At home I use a Cisco 877 router as my internet gateway. I have found that it is so much more reliable then any of these cheap Chinese routers that you can buy and currently has an uptime of about 6 months. I use the access control lists extensively so that it only accepts mail from my mailhost (rollernet.us), accepts any traffic from my workplaces ip address, and keeps a log of all traffic that passes, or attempts to pass, in and out. I use kiwi syslog and kiwi logviewer to keep track of these logs and usually peruse them once a week to make sure nothing strange is going on.
In the past I have used MS TMG configured as a VM which filtered all the traffic and did AV scanning e.t.c but I found that it had an adverse effect on my gaming for some reason. Technically speaking it should have been fine but for some reason it would cause me massive lag. I also used to use Untangle when I was running VMWare on my server but now I have Hyper V I find that Untangle is really unstable so I’ve gone back to not having any kind of Unified Threat Management solution.

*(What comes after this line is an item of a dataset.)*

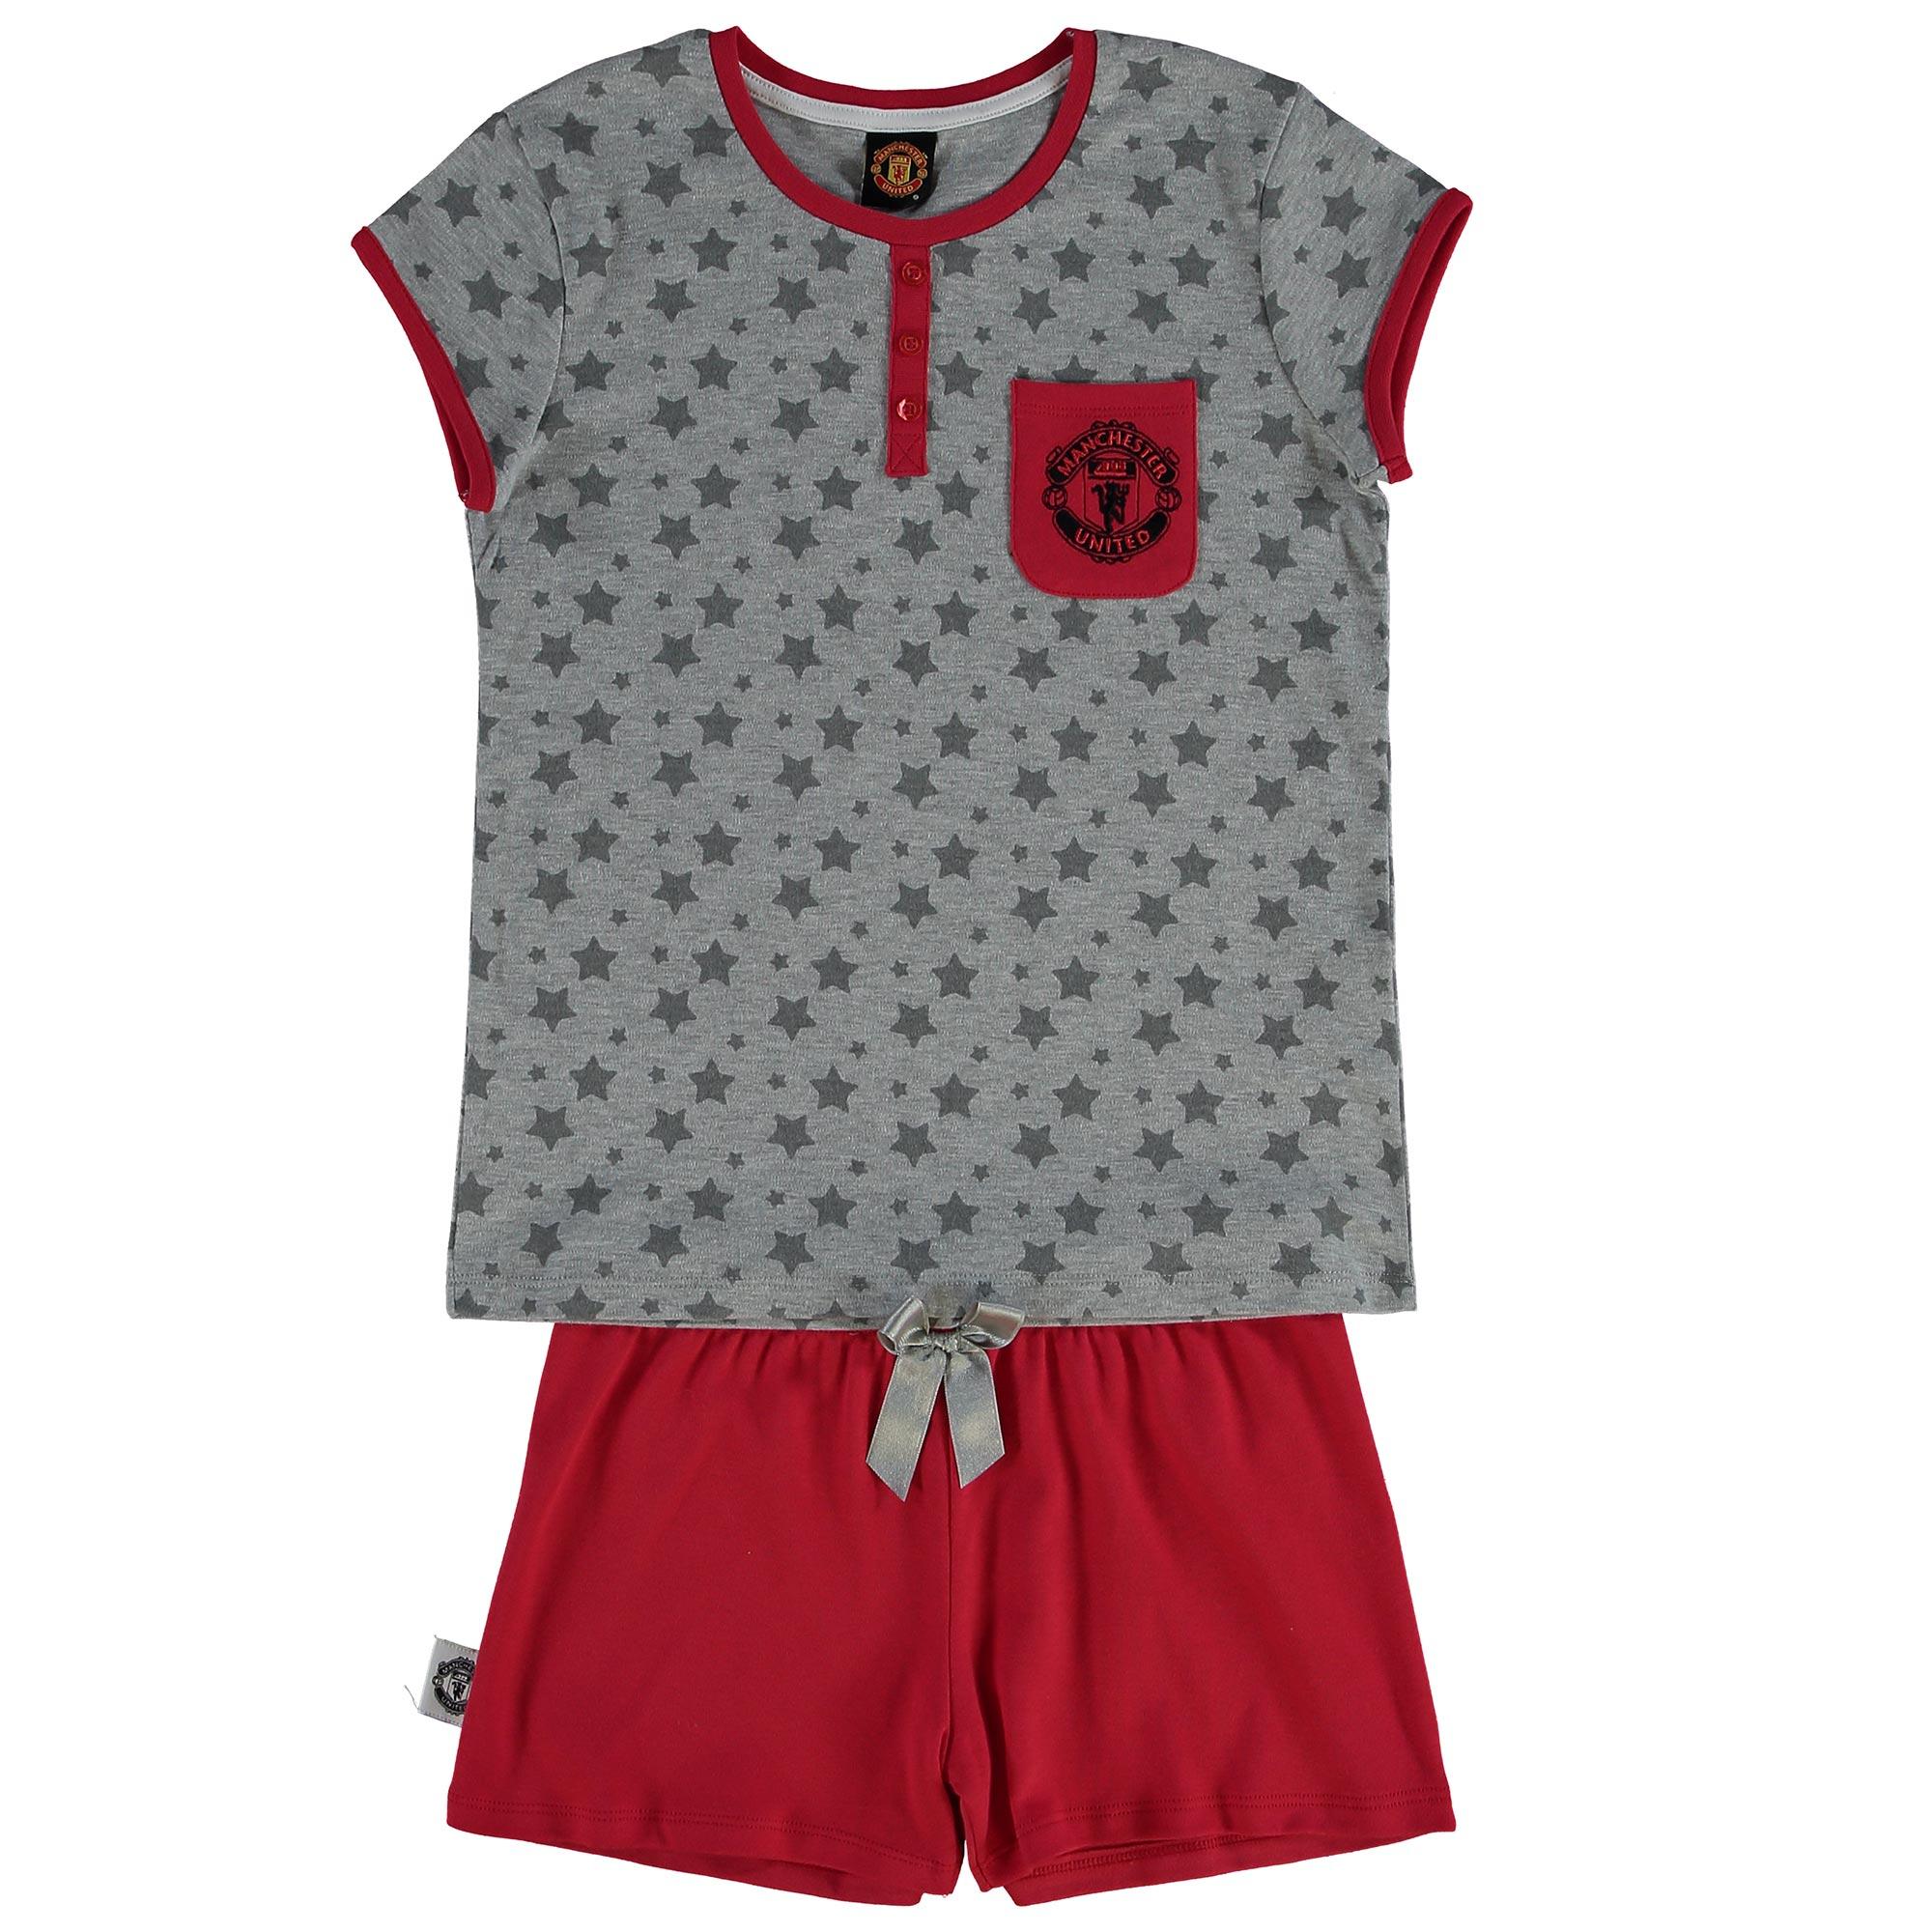 Manchester United Star Print Shortie Pyjamas - Grey Marl/Red - Older G

I may change it sometime so that my current ISA 2006 server is also acting as a firewall as well as an RRAS server but my main reason for having a separate software firewall is for the antivirus scanning so I don’t think I will go down this path.

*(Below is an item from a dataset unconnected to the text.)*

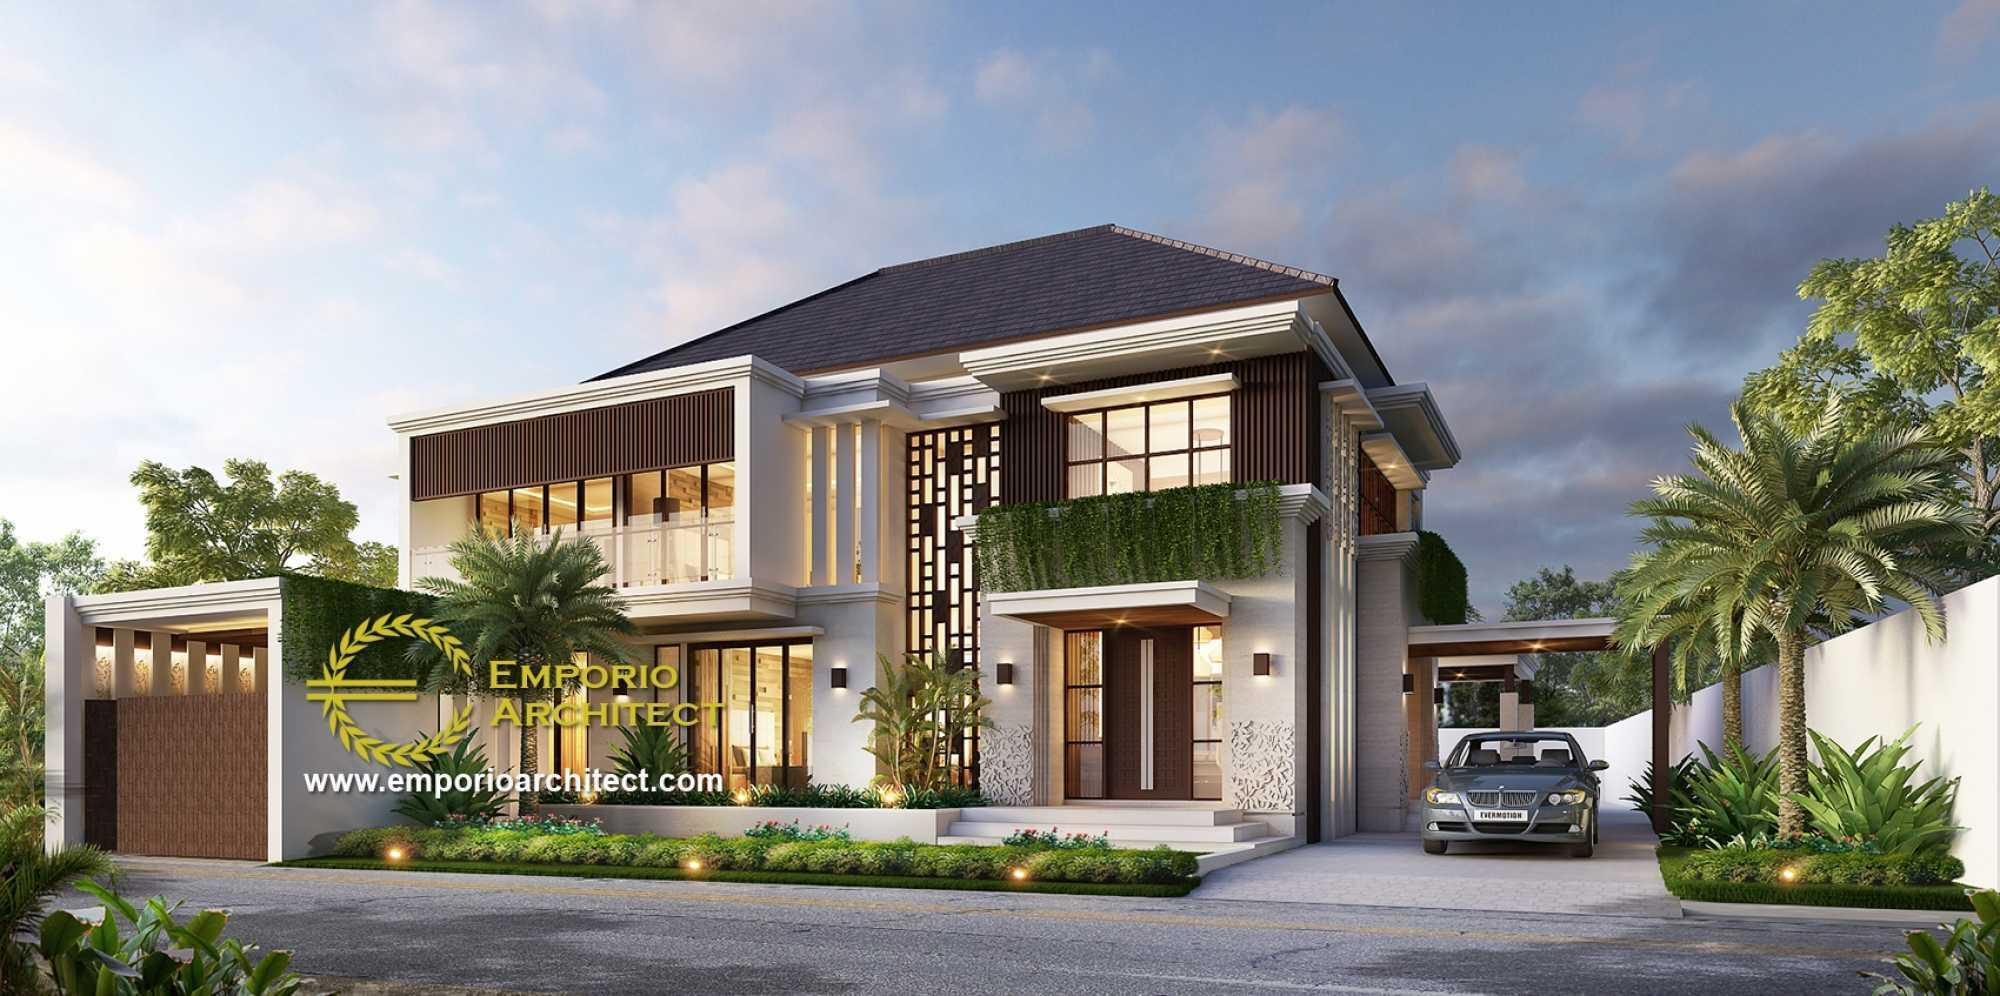 Emporio Architect Desain Rumah Villa Bali Tropis 342 @ Aceh Aceh, Indonesia Aceh, Indonesia Emporio-Architect-Desain-Rumah-Villa-Bali-Tropis-342-Aceh   75445

I also have a Buffalo Terastation with 4 250 Gig disks configured in RAID 5 configuration. This is used mainly for backup as I find that its too slow for much else. It does have a gigabit nic but I find that the transfer speeds are just too slow…something like 5MB a sec when they really should be around 40 – 50 which is the speed I get across the rest of my network when transferring files.
Finally, I have my main server configured to shutdown every night automatically. I just have a scheduled task that runs a batch file that contains the line
shutdown –s –t 0
All my VM’s suspend themselves and happily go to sleep until 6 in the morning when the bios in the server is set to wake itself up. The VM’s are set to power on when the server powers on so everything is ready to go when I wake up while still saving power by not running all night for no reason. All my email is queued up at rollernet.us so that it doesn’t bounce overnight, and is all downloaded once communication is re-established with exchange in SBS.
All in all it’s a tidy solution that doesn’t take up loads of space, is reasonably power efficient, is quiet as there aren’t loads of pc’s doing different things and lets me try out new systems with a minimum of fuss.